DeepSeek’s success marks a significant boost for China’s AI innovation. It shows that even in the face of US chip restrictions, Chinese companies can adopt innovative solutions to drive cost-effective development. Their work challenges the notion that China will always be a follower in AI innovation.
Taken from an exclusive interview with Liang conducted by 36Kr, a Chinese media platform, in summer 2024 — when DeepSeek released its V2 model — these quotations strike at the heart of long-standing issues in China’s technological innovation system and the way that many Chinese companies approach business.
So, what makes Mr. Liang, a seemingly “nouveau riche” player in China’s AI industry, so undiplomatically frank in his criticism? What sets DeepSeek apart from other AI giants and start-ups in China? Before answering these questions, we need to explore what DeepSeek has actually done to achieve its breakthroughs in AI innovation. What do DeepSeek’s innovations mean for the future of AI development?
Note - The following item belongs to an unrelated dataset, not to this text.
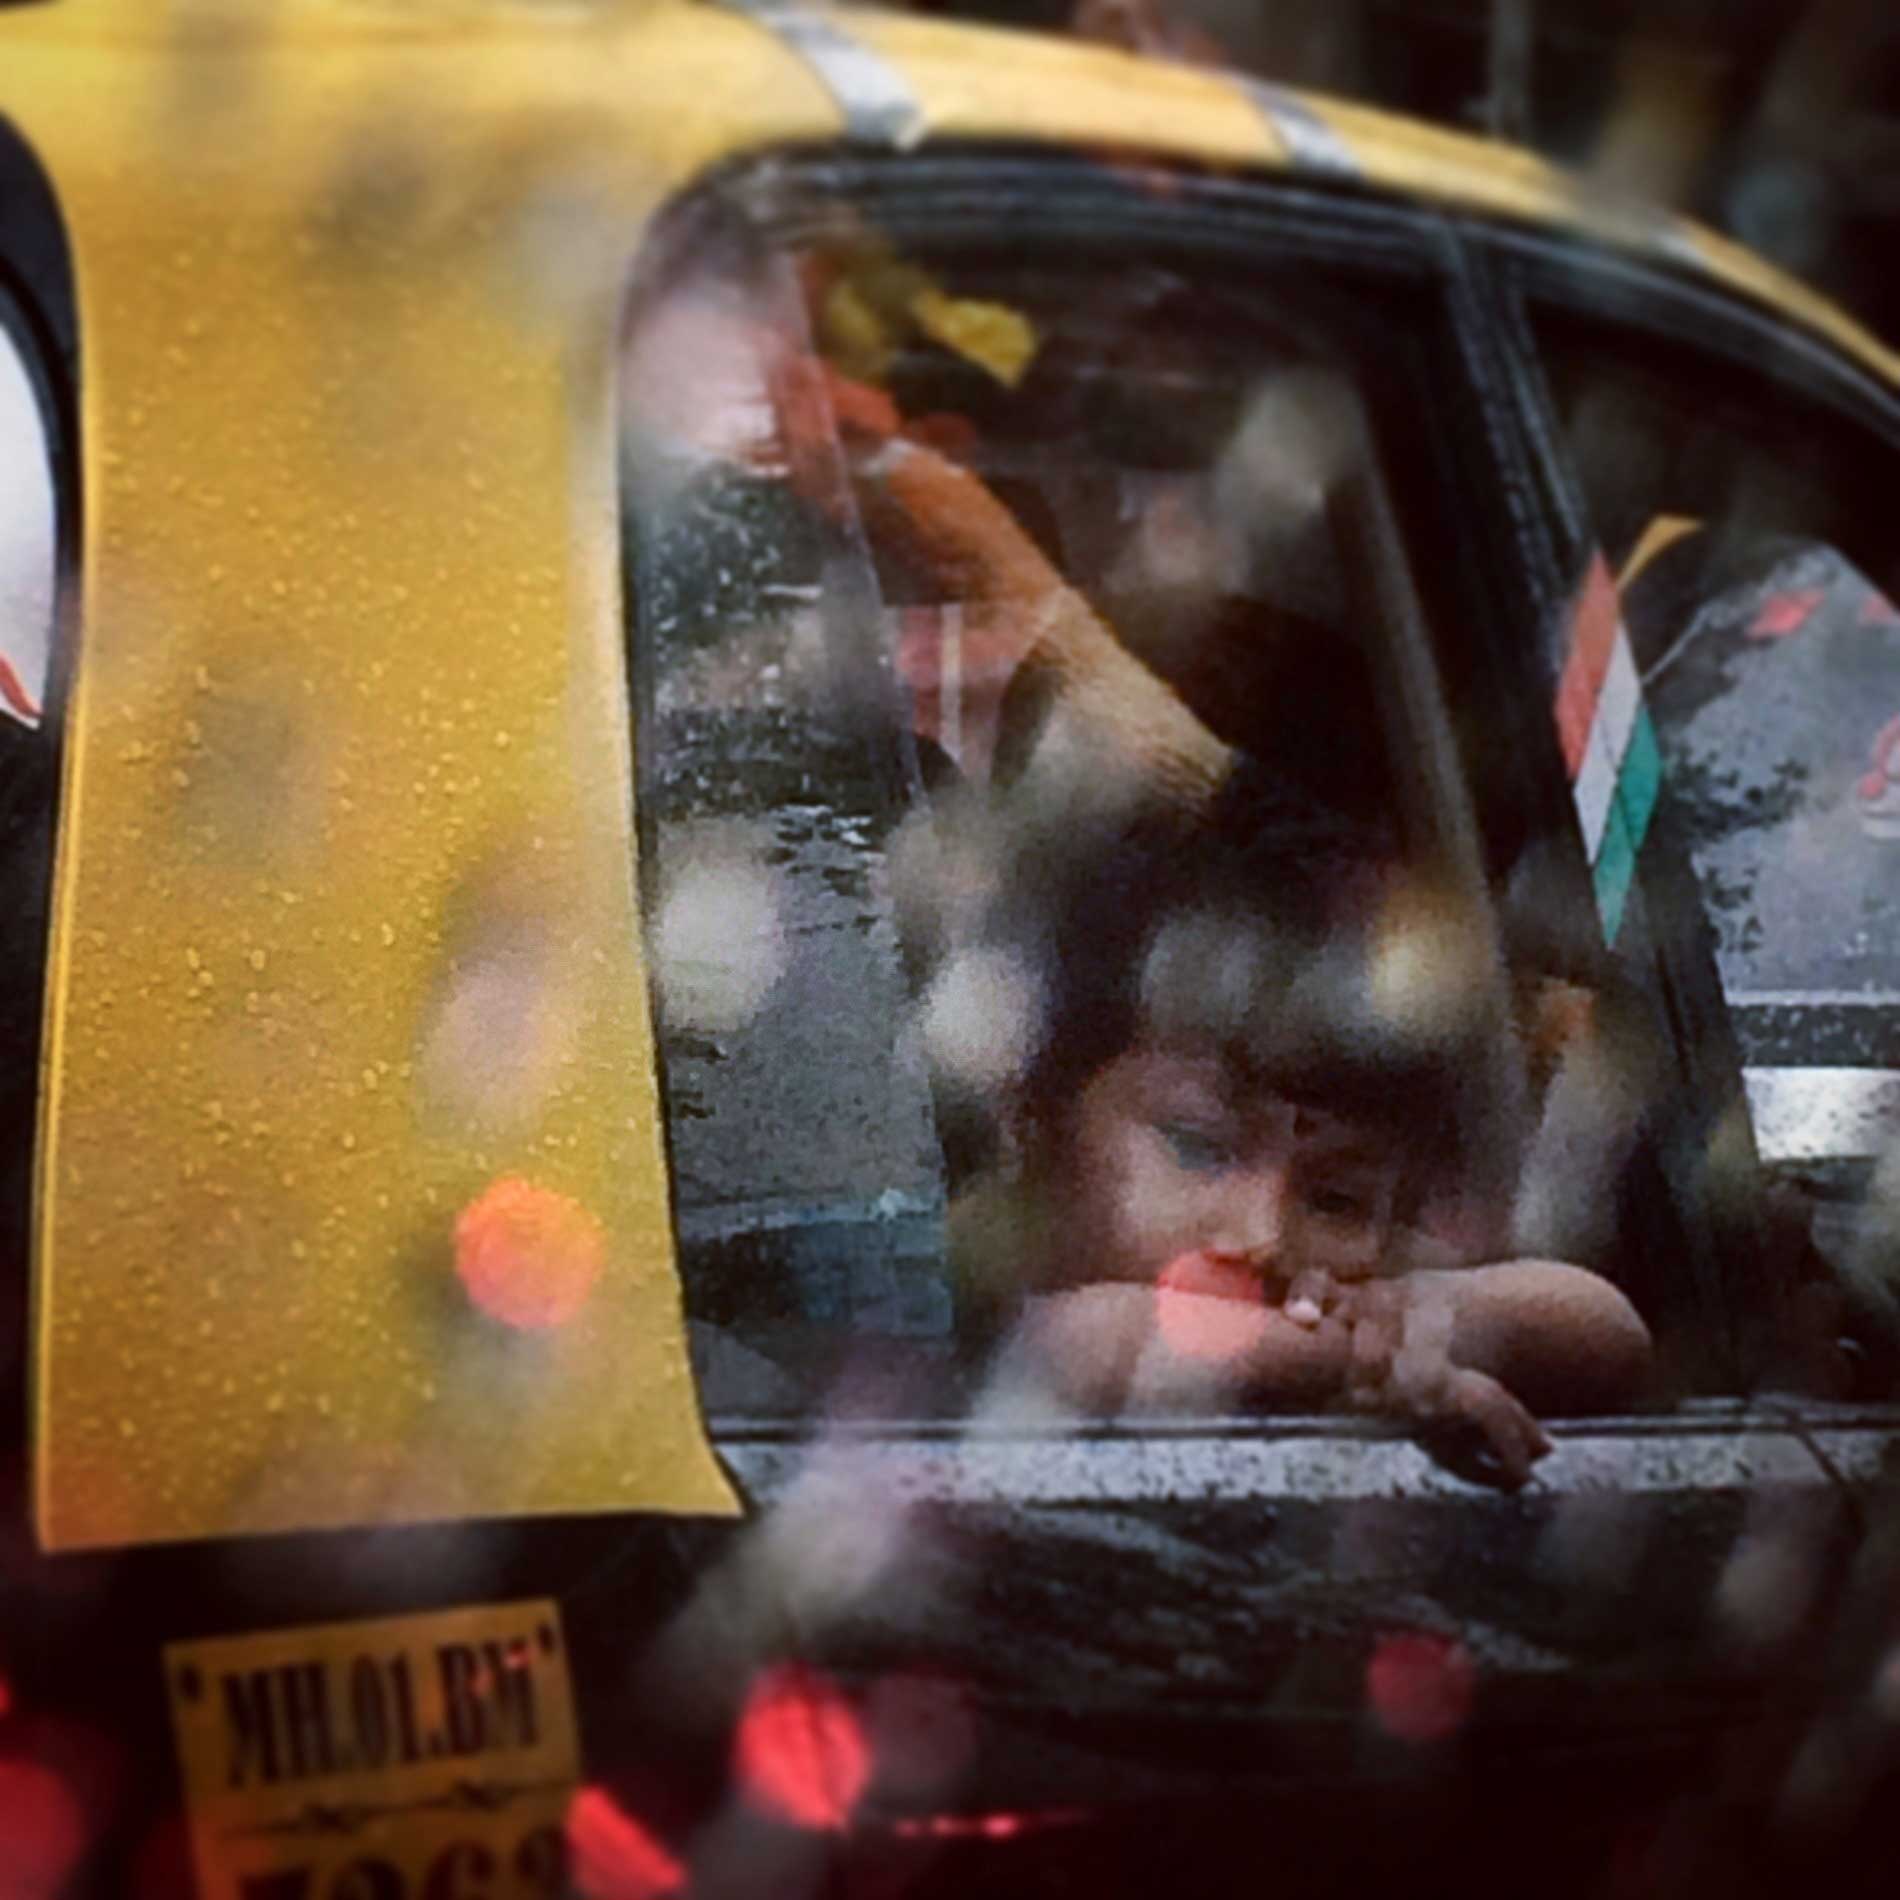 A girl looks out of a taxi window in Mumbai, India in August of 2014 during one of the seasonal monsoons. Photo by Asmita Parelkar (@asmitaparelkar)

Two Myths about DeepSeek’s Success
DeepSeek sent shockwaves through the global AI industry in January 2025 when it announced that its V3 model rivals OpenAI’s GPT-4o and other leading large language models (LLMs), despite the fact that the system was trained at an extremely low cost — US$5.576 million using 2,048 Nvidia A800 chips. This figure pales in comparison to the pre-training costs of around US$40–60 million and the tens of thousands — sometimes even 100,000 — of advanced AI chips (such as the Nvidia H100) used by OpenAI, Meta and other US-based tech giants.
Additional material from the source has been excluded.